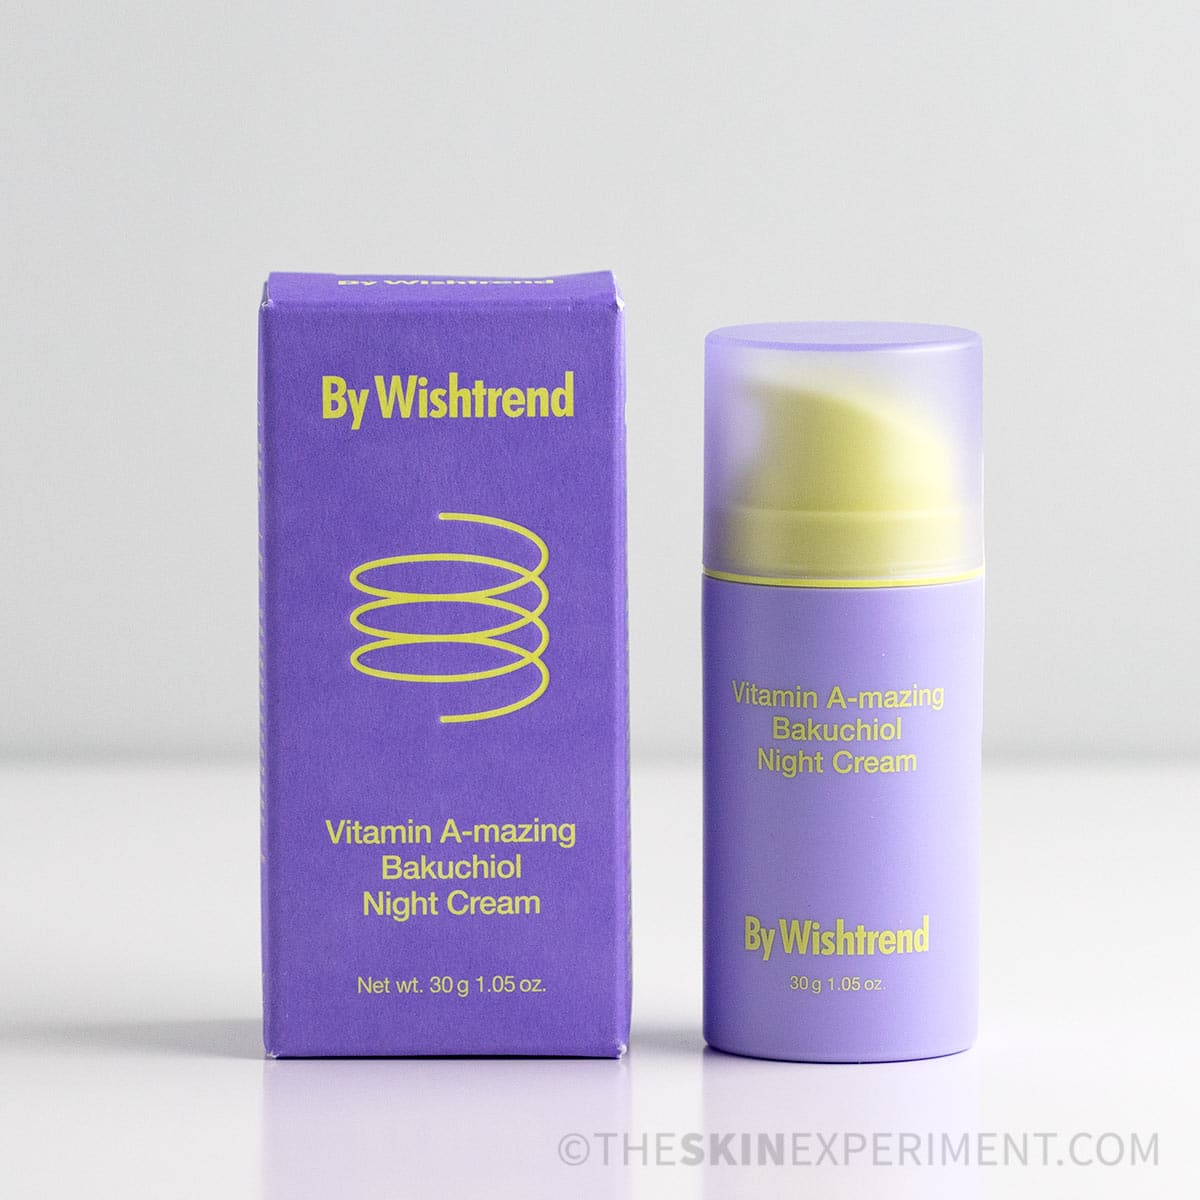 By Wishtrend Vitamin A-mazing Bakuchiol Night Cream Review
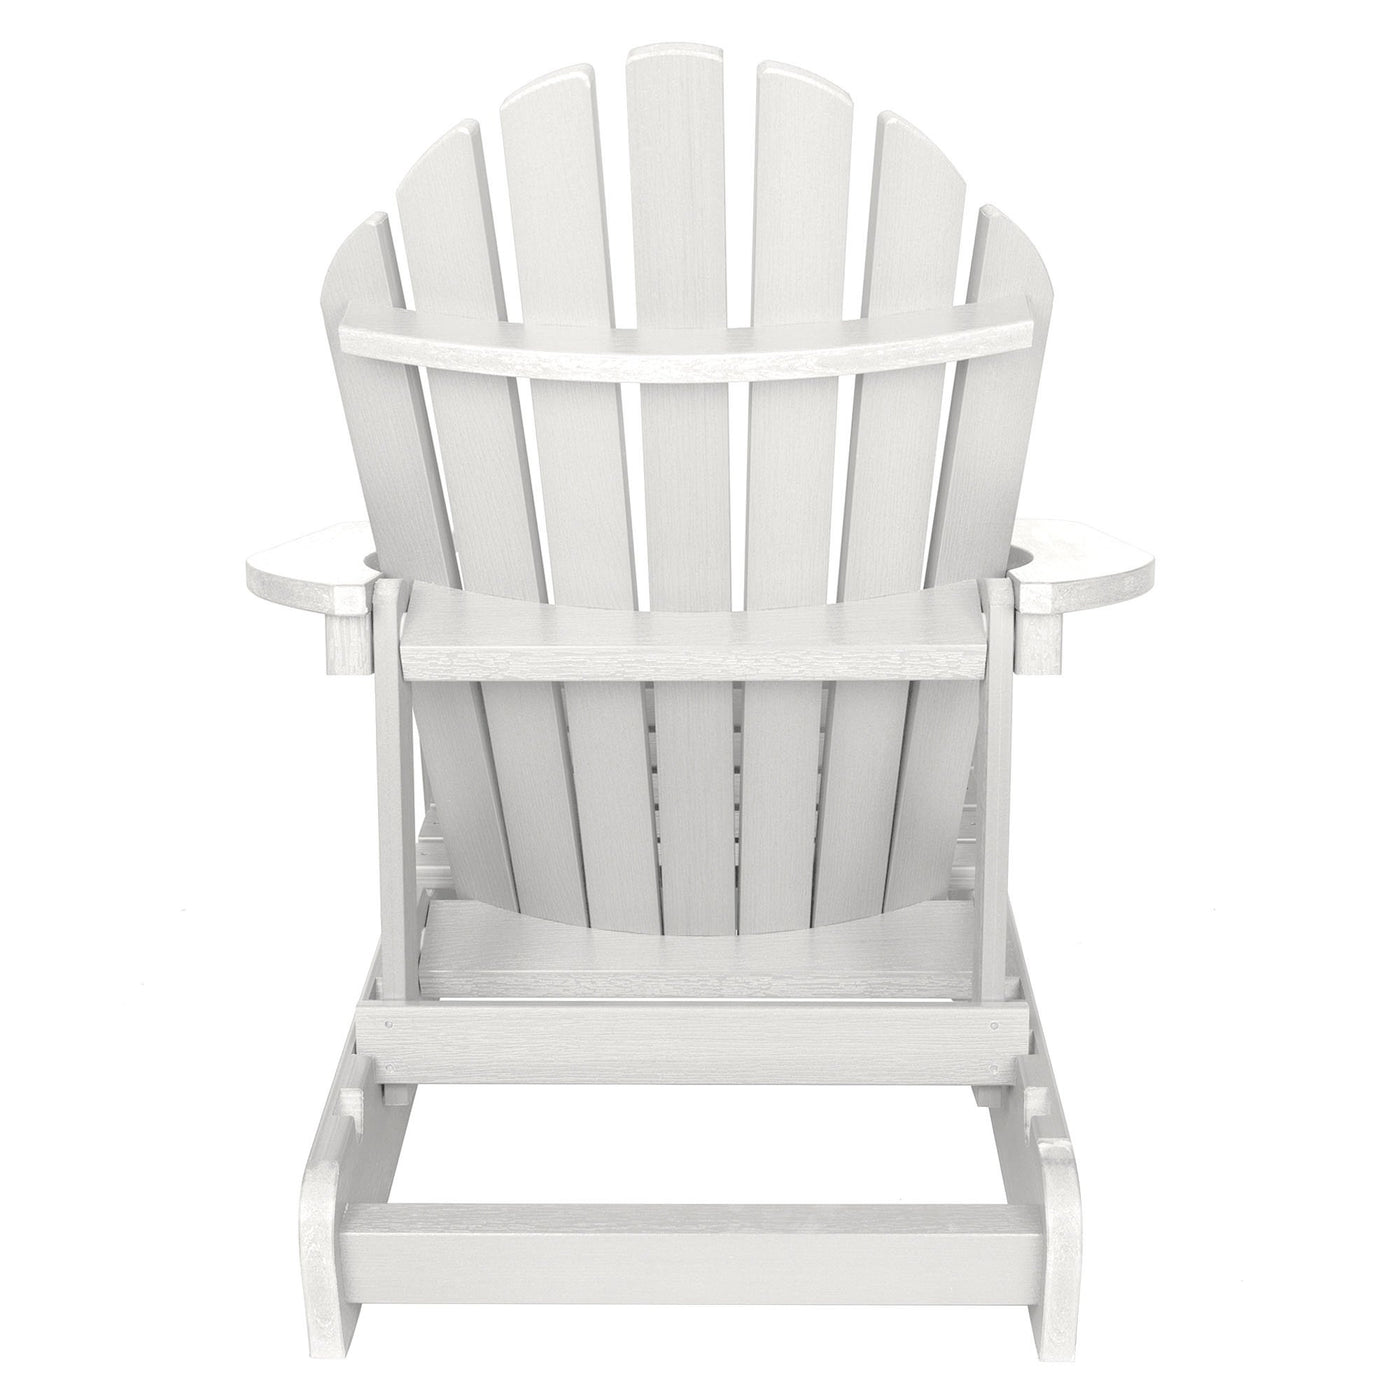 Back view of Hamilton Adirondack chair in White
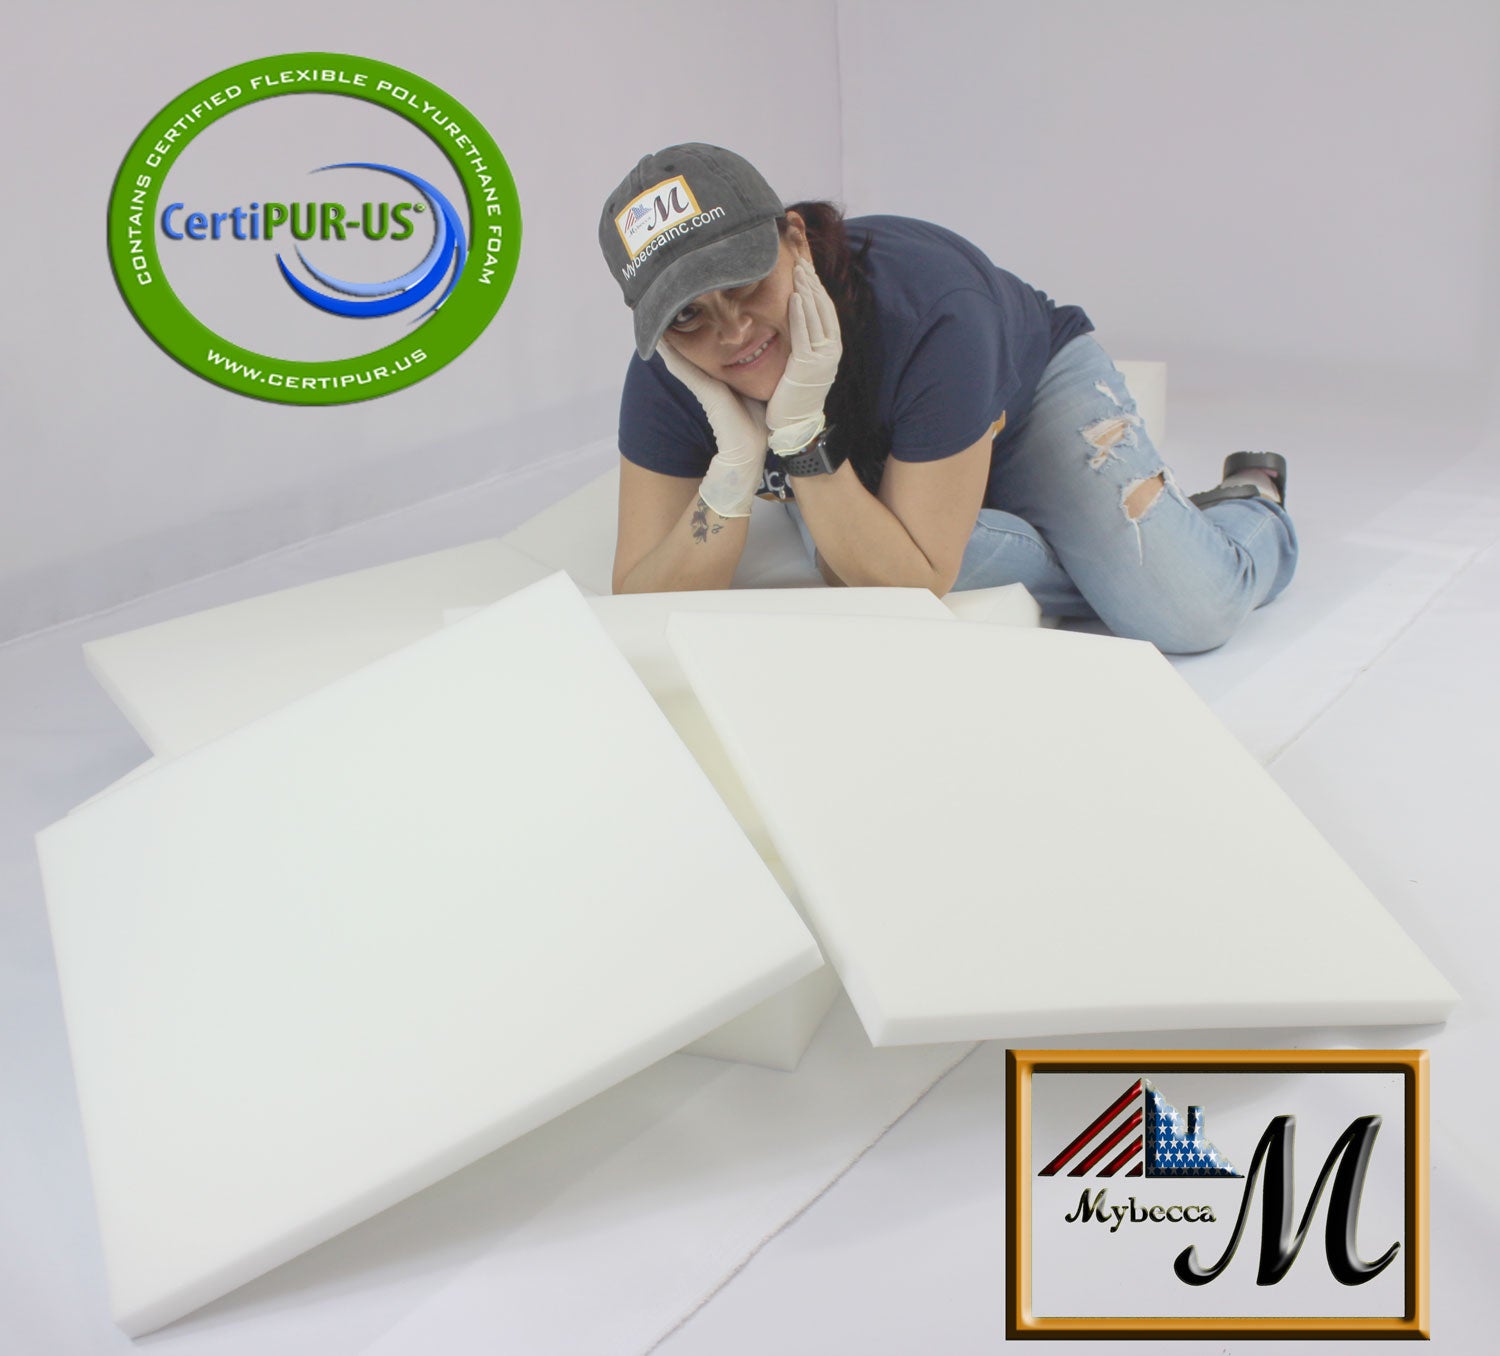 Upholstery Foam 6 Thick, 30 Wide x 72 Long Medium Density

• **Problem to solve**: Copy out every line above without change, dropping the pictures.

• **Written response**:
 By Wishtrend Vitamin A-mazing Bakuchiol Night Cream Review
 Back view of Hamilton Adirondack chair in White
 Upholstery Foam 6 Thick, 30 Wide x 72 Long Medium Density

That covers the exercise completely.